Winter's response to skeptics who say that the wisdom of the crowd is already reflected in a stock price is to respond that the stock market reflects the disproportionate influence of big-block traders and analysts and is more a clearing house for information than a predictive market. Other critics argue that votes should be weighted according to how much money users have actually invested in a given stock because people are less likely to try to game the system when they have more to lose if they're wrong.

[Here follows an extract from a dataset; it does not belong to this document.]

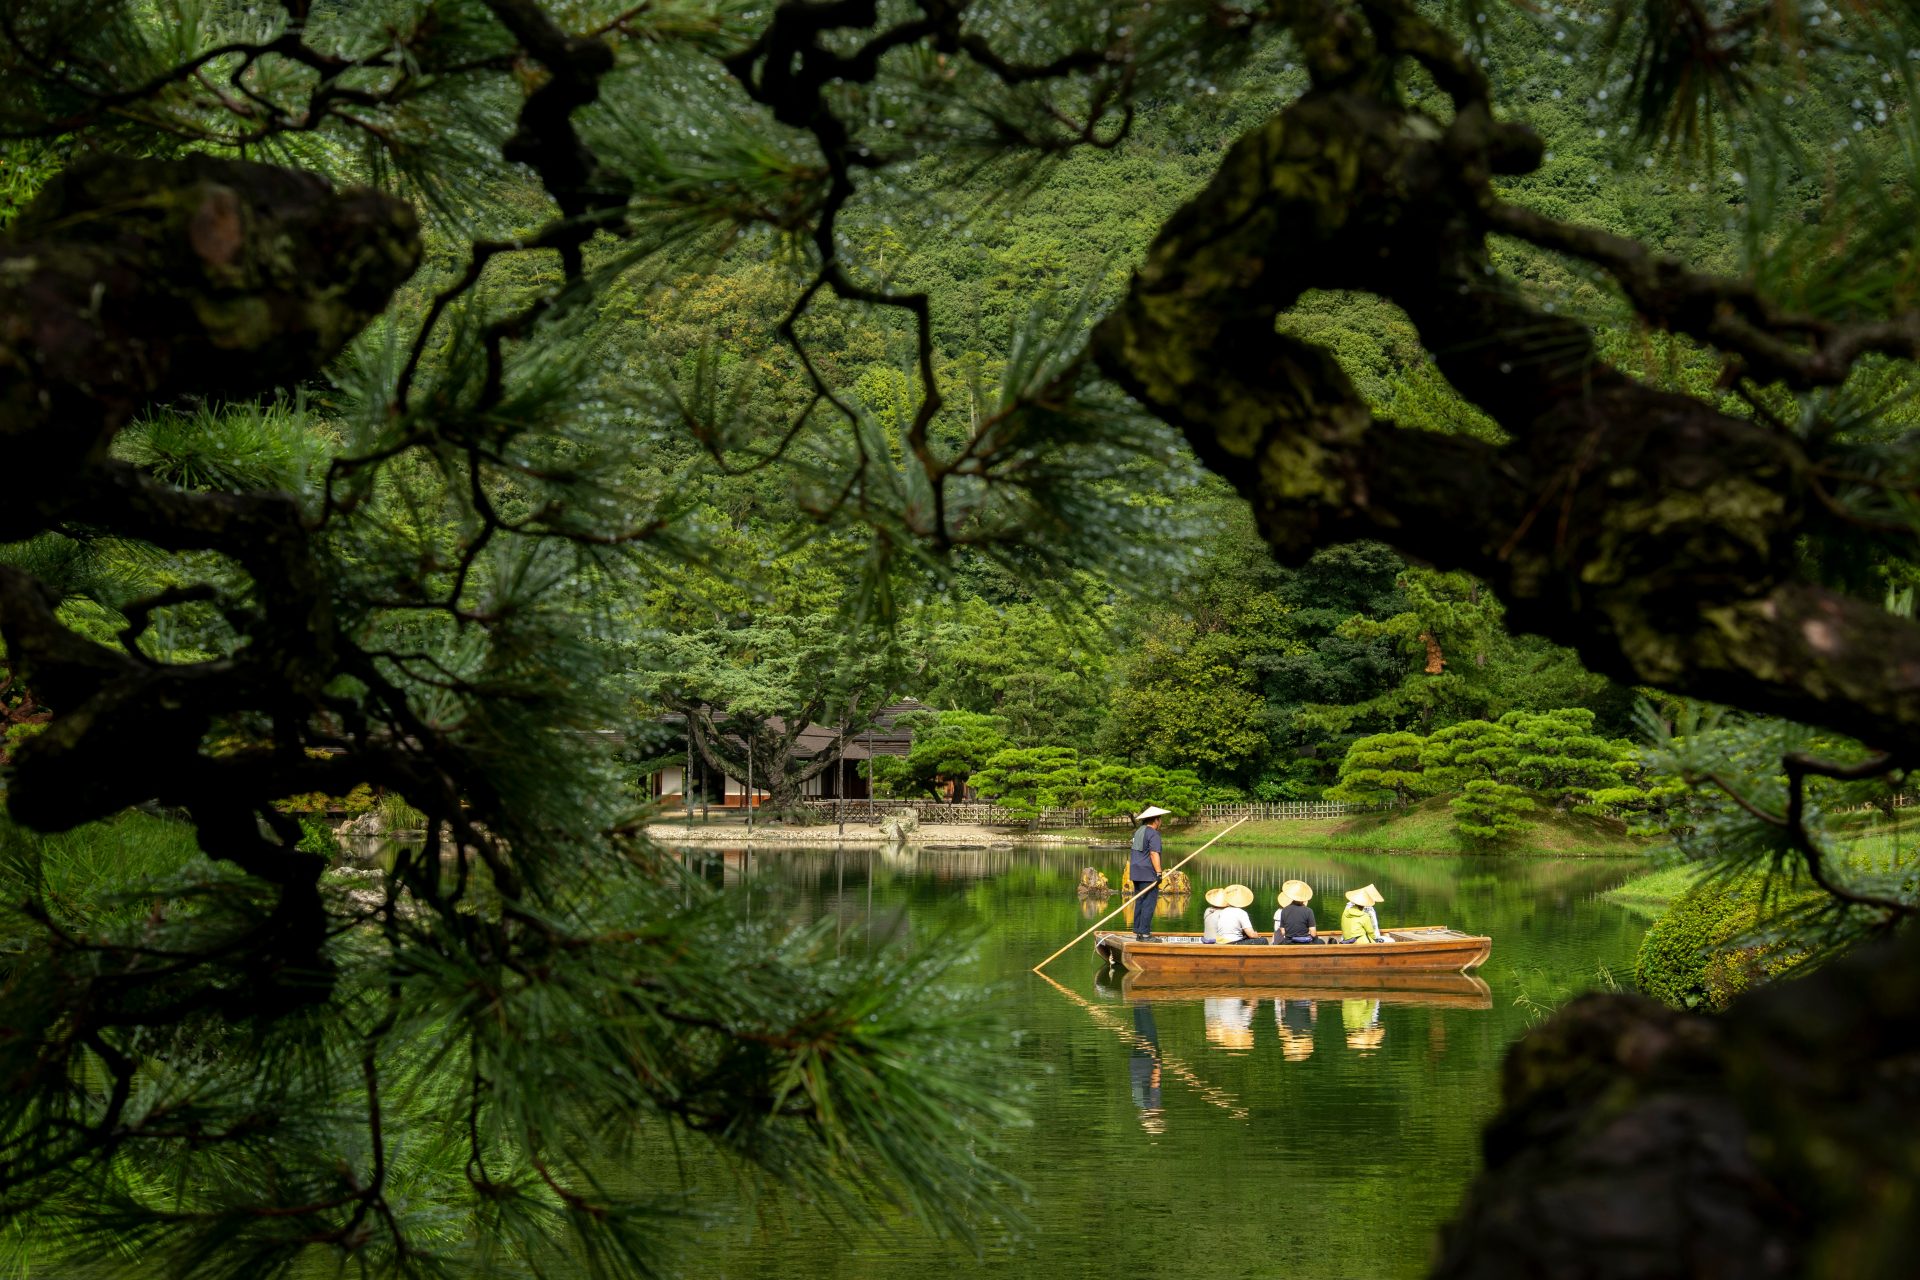 <p>The largest cultural property garden in Japan, Ritsurin Park has six ponds and thirteen artificial mountains within its terrain of approximately 75 hectares.</p> <p>Image: H C / Unsplash</p>

Dr. Craig Kaplan, chief executive of PredictWallStreet, believes there may an advantage in simply asking people what they think instead of putting more faith in the actions they take. He's found that people tend to be more willing to tell you what they think about a stock than to trade it. "We're able to get a read on what people are feeling before it crosses their threshold where they're ready to act," he says. "If you wait until somebody has already acted, how much edge do you have on the market? The market is a pretty efficient mechanism, but it can only process information put into it through trades."
It's too early to tell if Piqqem will remain beholden to the collective wisdom of the crowd or—like rivals—start to place more credence in the opinions of its superstars. Perhaps this crowd is smart enough to know that sentiment data should not be the only tool in buying and selling stocks.